A comment from “Dmitryx” on DZone about how DZone could provide better options for filtering its “Popular Links” got me thinking about how Yahoo! Pipes (my new favourite toy) could be used to filter DZone RSS feeds in interesting ways. Helpfully, DZone provides a lot of information in its RSS feeds including the number of votes for and against, the click count, the number of comments, the username of the submitter, the URL of a thumbnail image, a list of tags and more. So if you want to go down the Pipes route, there are a lot of possibilities.

However, something else that is not immediately obvious is that DZone provides a lot of functionality of its own for filtering the feeds that it serves. Most DZone users will be aware that they can subscribe to a feed of “Popular Links” (those that make it to the front page) or subscribe to the “New Links” feed (those that have recently been submitted and have not yet attracted enough votes to qualify for the front page). The respective URLs for these feeds are:

http://www.dzone.com/links/feed/frontpage/rss.xml
http://www.dzone.com/links/feed/queue/rss.xml

But these two feeds are not the only ones available. There are also feeds for each of the tags. If, for example, you want to subscribe only to Python articles you would use one of the following feeds (again they are divided into “Popular” and “New” articles):

http://www.dzone.com/links/feed/frontpage/python/rss.xml
http://www.dzone.com/links/feed/queue/python/rss.xml

This is great if the articles you want neatly fit in to one of the 48 categories that DZone provides, but what if you want to restrict the feed to articles about Haskell, which doesn’t have its own tag (it is lumped together with Lisp, Erlang, Scala and the rest under the “Other Languages” tag)? Fortunately DZone provides a solution for this as well. You can create a feed for any search phrase. A Haskell feed (for both new and popular links) has the following URL:

http://www.dzone.com/links/feed/search/haskell/rss.xml

Kevin Pang has also discovered that you can provide query parameters to DZone’s feed URLs to manipulate the results (although DZone main man Rick Ross warns that these are not guaranteed to be supported in the future).
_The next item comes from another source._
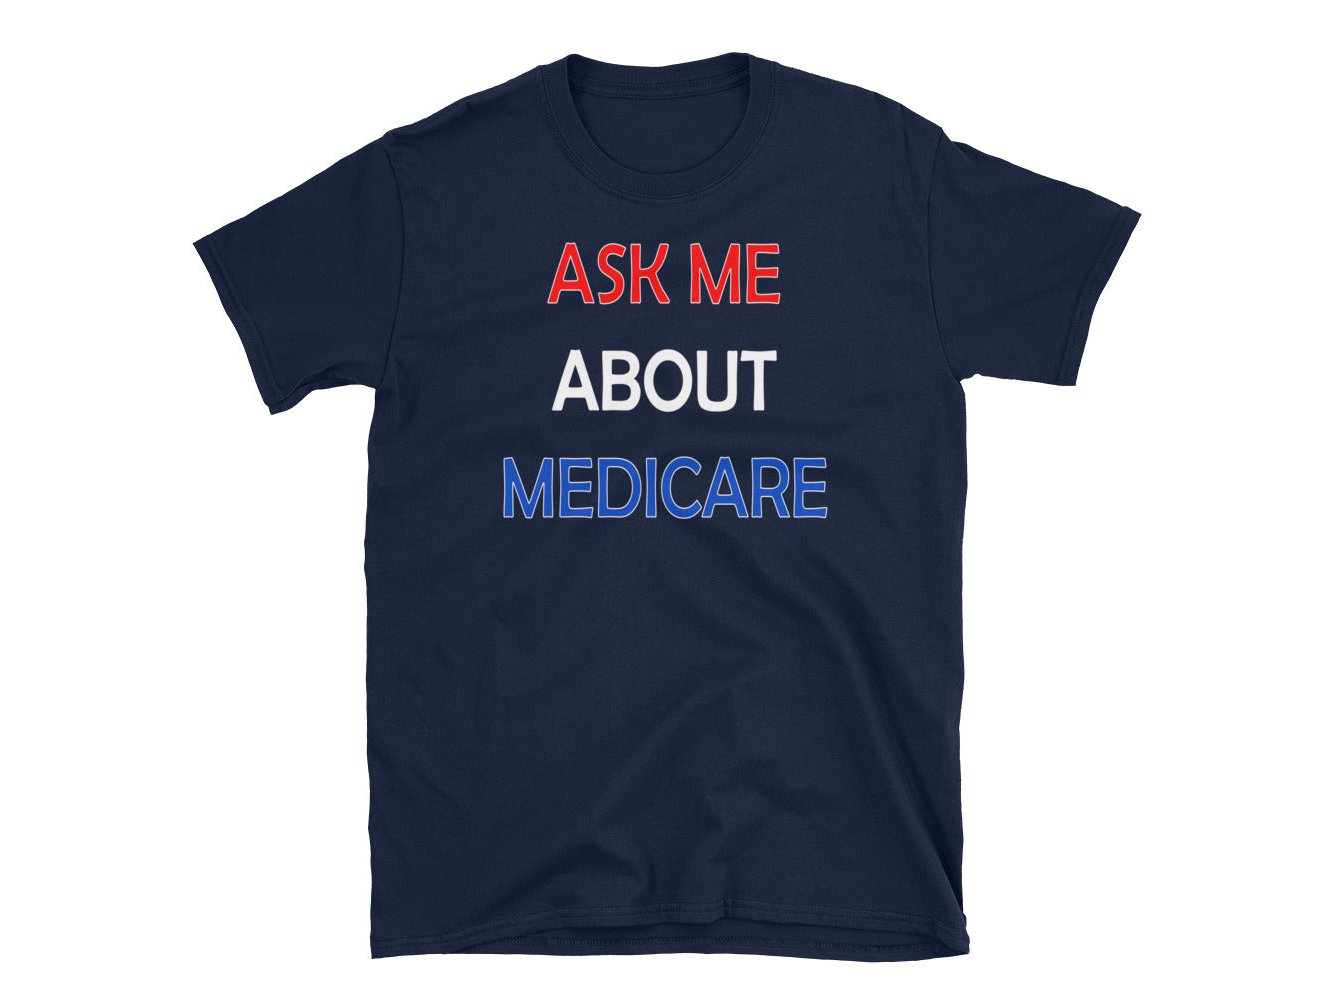 Ask Me About Medicare Insurance Agent Broker Sales Marketing T-Shirt

It’s not just topics that you can filter on. You can also subscribe to a feed of links submitted by a particular user. First you need to find out that user’s numeric ID (it’s part of the URL for their profile page), and then use that to construct the feed URL:

http://www.dzone.com/links/feed/user/<user_id>/rss.xml

Likewise for that user’s shared links:

http://www.dzone.com/links/feed/shared/<user_id>/rss.xml

If these options alone aren’t enough, by using Yahoo! Pipes to combine, sort and filter multiple DZone feeds you should be able to tailor your subscription to match your interests precisely.
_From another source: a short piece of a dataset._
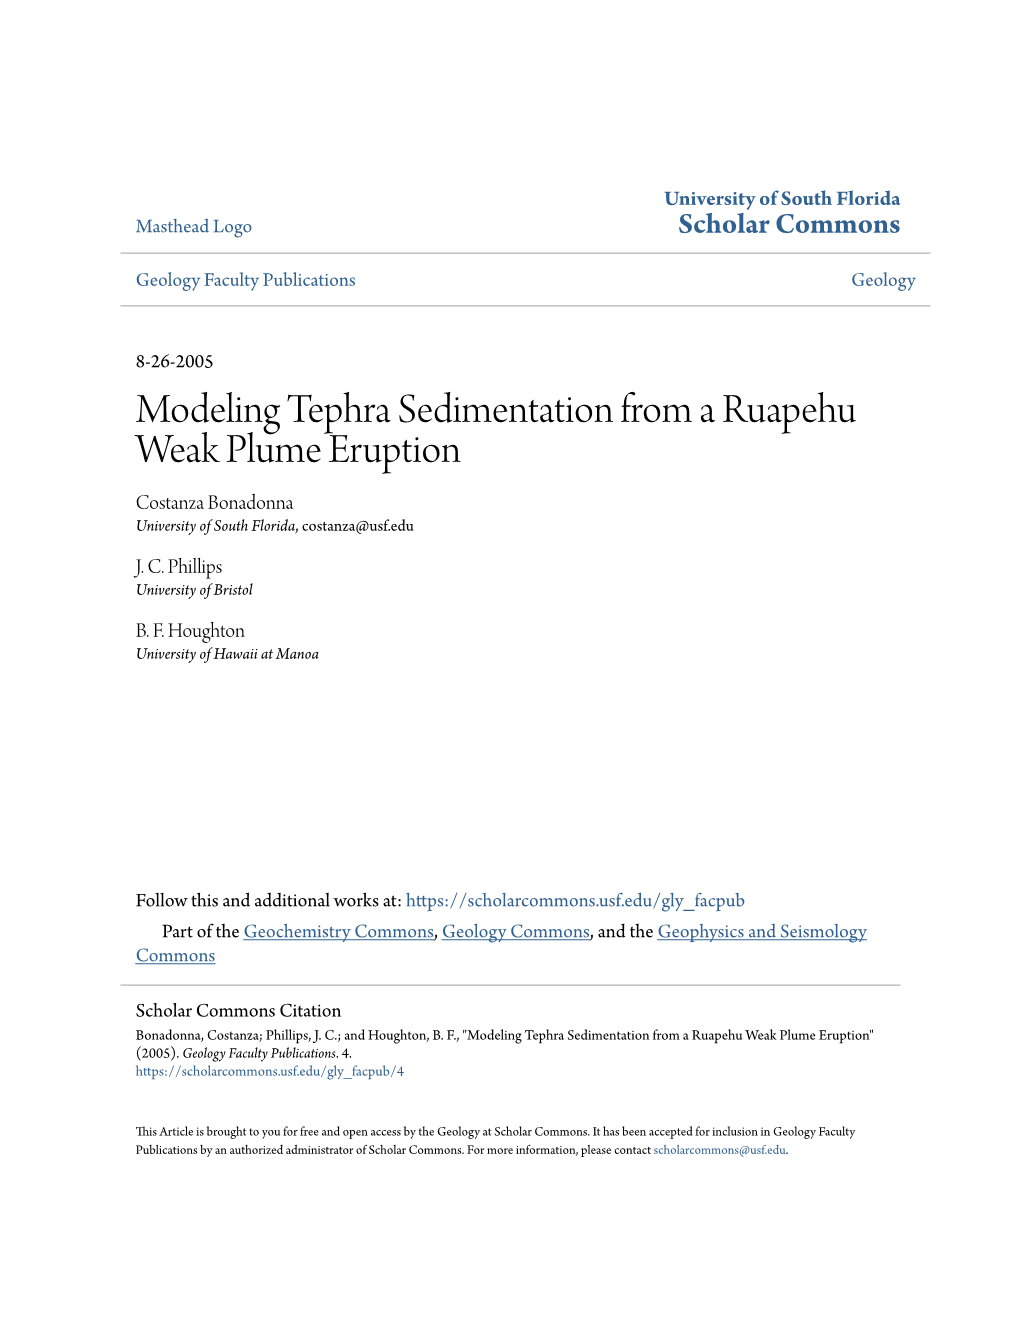 Modeling Tephra Sedimentation from a Ruapehu Weak Plume Eruption Costanza Bonadonna University of South Florida, Costanza@Usf.Edu

Melting Virtual Servers: The Digg Effect

Posted in PHP, The Internet by Dan on July 28th, 2008

I was right about everybody having strong opinions about code commenting. The popularity of my previous post on the subject (perhaps due to its provocative title) brought this site to its knees.

The Calm Before the Storm

I was receiving higher-than-average traffic from the regular sources, such as DZone and JavaBlogs, but this traffic was still pretty trivial and nothing that the server couldn’t handle. The real problem occurred sometime on Sunday evening. While I was busy playing football (we lost 4-0), my post was rapidly gaining attention on Digg.

The entire Uncommons.org empire is hosted on a 256mb VPS (Virtual Private Server) from Slicehost. These 256 megabytes of RAM are shared between Apache, PHP, MySQL and Jetty.Though this is a modest amount of memory, it is sufficient for the traffic that I normally attract. I was not entirely unprepared for a traffic spike. I had installed the WP-Cache plugin for WordPress sometime ago to avoid unnecessary MySQL queries. I’d also tweaked the Apache configuration to make the most of the limited resources available to it (or so I thought – I guess I should take more notice of my own advice about optimisations).

Blissful Ignorance

For about two hours after the post hit the front page of Digg, I was completely oblivious to the pain being inflicted on my poor VPS. It wasn’t until I tried to visit my WordPress dashboard that I realised something wasn’t quite right. The server was not responding very promptly at all. SSH access was still available, though a little slow. First thing I checked was the load average. It was high but not massively so. Next I checked memory usage. Pretty predictably, all of the RAM and all of the swap space was being used.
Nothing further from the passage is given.